Why Humus Vital to Soil
Organic matter is obtained from living and dead plants and animals, plant roots, green manure crops, animal manures, crop residues, fungi, bacteria, worms, insects, etc. This organic matter is the raw material that is spoken of as humus while it is being broken down and decaying through the action of the complex mass of soil microorganisms and earthworms upon it. This digestive action produces humic acids which make minerals soluble. The end result of this blended mixture is true plant food. The importance of humus cannot be stressed too strongly. The more humus a soil contains, the healthier it is. Here are a few reasons why: When it rains, soils with humus soak up the water. Humus is so porous it can hold at least its own volume in water. A four-inch rain on humus-rich soil causes little or no runoff; one-half inch on humus-poor land will cause erosion and some flooding in lower areas. Humus improves the physical condition of the soil, supports the soil's organisms, increases permeability, improves aeration and stabilizes the soil's temperature. Yet to do all this, humus need not be more than five percent of the topsoil in most instances.
Why Soil "Wears Out"
When minerals, organic matter and soil microorganisms are present in balance for a particular type of soil, that soil is fertile and healthy. But all too often this balance is upset. How? By the serious depletion of humus, due to improper cultivation practices, unchecked erosion, continued monoculture and failure to restore to the soil what the preceding harvests have taken from it. Modern agriculture practices the substitution of synthetic fertilizers for humus that is not being replenished in the soil. The "replacing" of humus by artificial means does stimulate plant growth, but it also continues to upset the vitally needed balance and blended mixture of minerals, organic matter and soil life found only in humus. Chemical fertilizers add only a part of the mineral portion of the critically important soil mixture essential to good health. But an unbalanced soil is not normally caused by a lack of minerals, as many believe. Even in relatively poor soils there is normally a large reserve of minerals. Noted soil scientist Eric Eweson states that the supply of major minerals such as calcium, phosphorus and potassium is normally a hundred to a thousand times more than the seasonal requirements of most crops. The supply of the vital trace minerals — boron, iron, copper, nickel, fluorine, manganese, iodine, etc. — is also generally more than adequate. What is most often missing is sufficient organic matter and the soil life which is necessary to break down the dirt materials into food forms the plants can assimilate and use. Even mineral-rich soil usually lacks enough nutrients in available form for vigorous plant growth. Humus, then, is a key to soil balance and fertility.
Types of Fertilizers
True fertilization is the addition to the soil of that which is conducive to increasing soil life.
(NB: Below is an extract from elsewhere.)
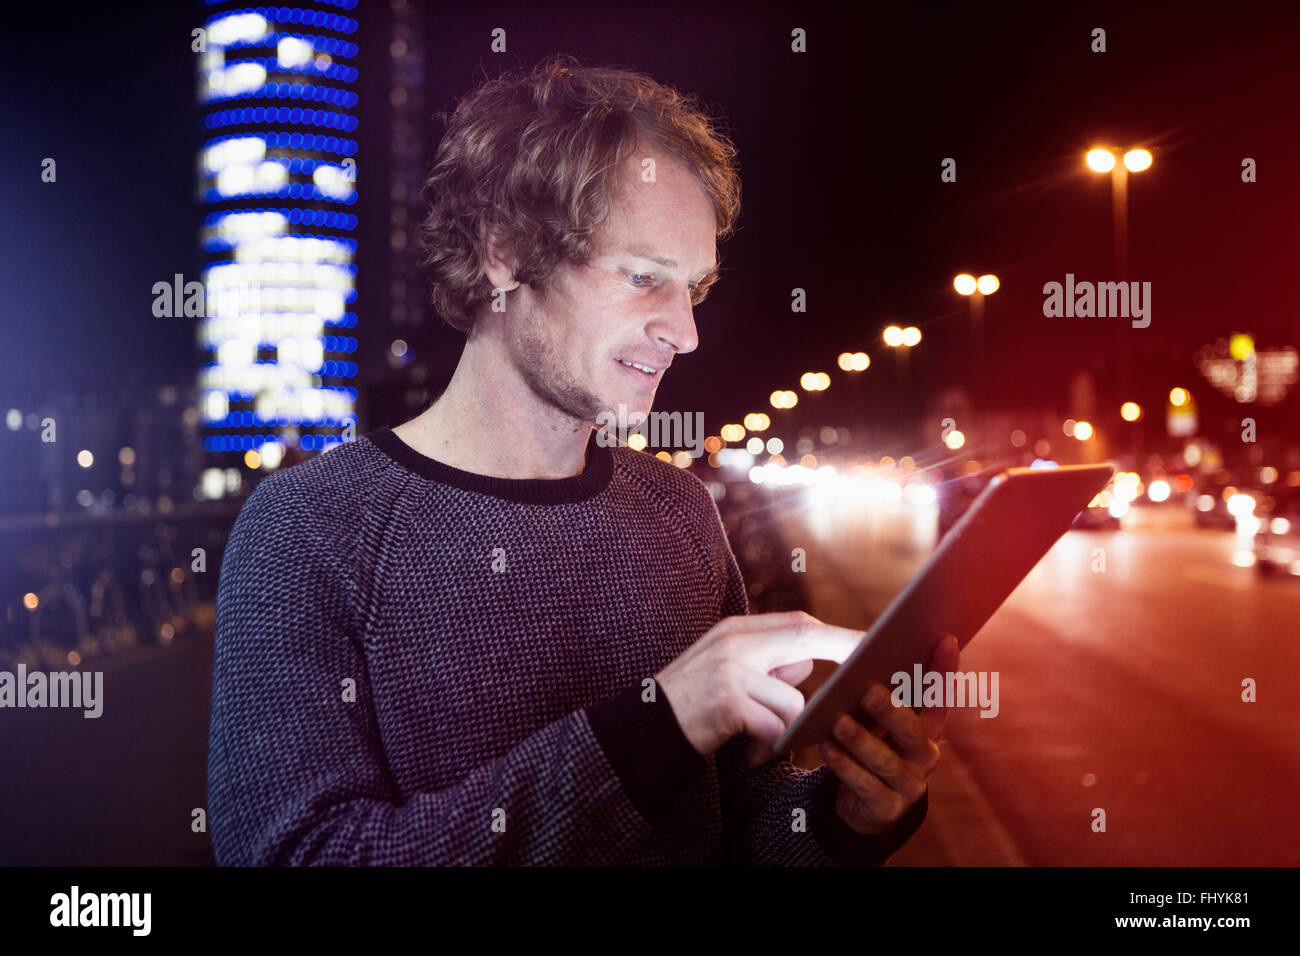 Germania - Monaco, ritratto di uomo con tavoletta digitale di notte Foto Stock

Fertilizers are generally recognized in two groups — organic and inorganic. The organic are made up of organic matter and microbes. Inorganic fertilizers are basically comprised of minerals and are available in two major types. One type is made up simply of ground-up minerals such as rock phosphate, rock potash, limestone and rock salt as they are found in their natural state. This type of fertilizer is not generally dissolved by water, but is gradually changed into plant food by the action of microbes, earthworms and organic acids that are formed by the decomposition of organic matter. The other type of inorganic fertilizers consists of chemical fertilizers. These are easily soluble in water and cause corrosive action. Chemical fertilizers are manufactured products and are commonly advertised and sold on the market for quick results. Most farmers and gardeners use them, and feel they could not get along without them.
When Nature Is Unspoiled
In nature there is no need for special fertilizers. Plants and animals live together and their litter accumulates on the surface to compost and decay, thus making a health-sustaining, humus-rich soil. The whole life cycle in the soil becomes a self-regulating system as long as it is undisturbed by outside forces. When man enters the picture, however, it becomes a different story. He plows up virgin land to grow crops. The increased oxygen made available by plowing stimulates the bacteria into breaking down the organic matter more rapidly. Then man removes his crops from the soil, thus further taking from its reserves. When he has thus "mined" the soil until it can no longer produce profitably, he moves on — or at least he did until this century. But now there are no new lands to exploit. Since 1880, it is estimated that about half of the humus in the Midwest has been lost — the loss greatly intensifying in recent years. The situation is probably equally bad or worse in many other heavily farmed regions of the world. It doesn't have to be this way. With a little more effort and a lot less greed, man could return organic matter to the soil and build humus. But he seems to be hopelessly greedy and shortsighted. He would rather borrow from the soil's capital and ignore repaying this debt until necessity demands it. Necessity is now banging on the door! Desperately, man is looking to chemical fertilizers to bail him out and to repay his debt to the soil. But is this possible? Can chemical fertilizers truly restore soil fertility? No! Such was never intended.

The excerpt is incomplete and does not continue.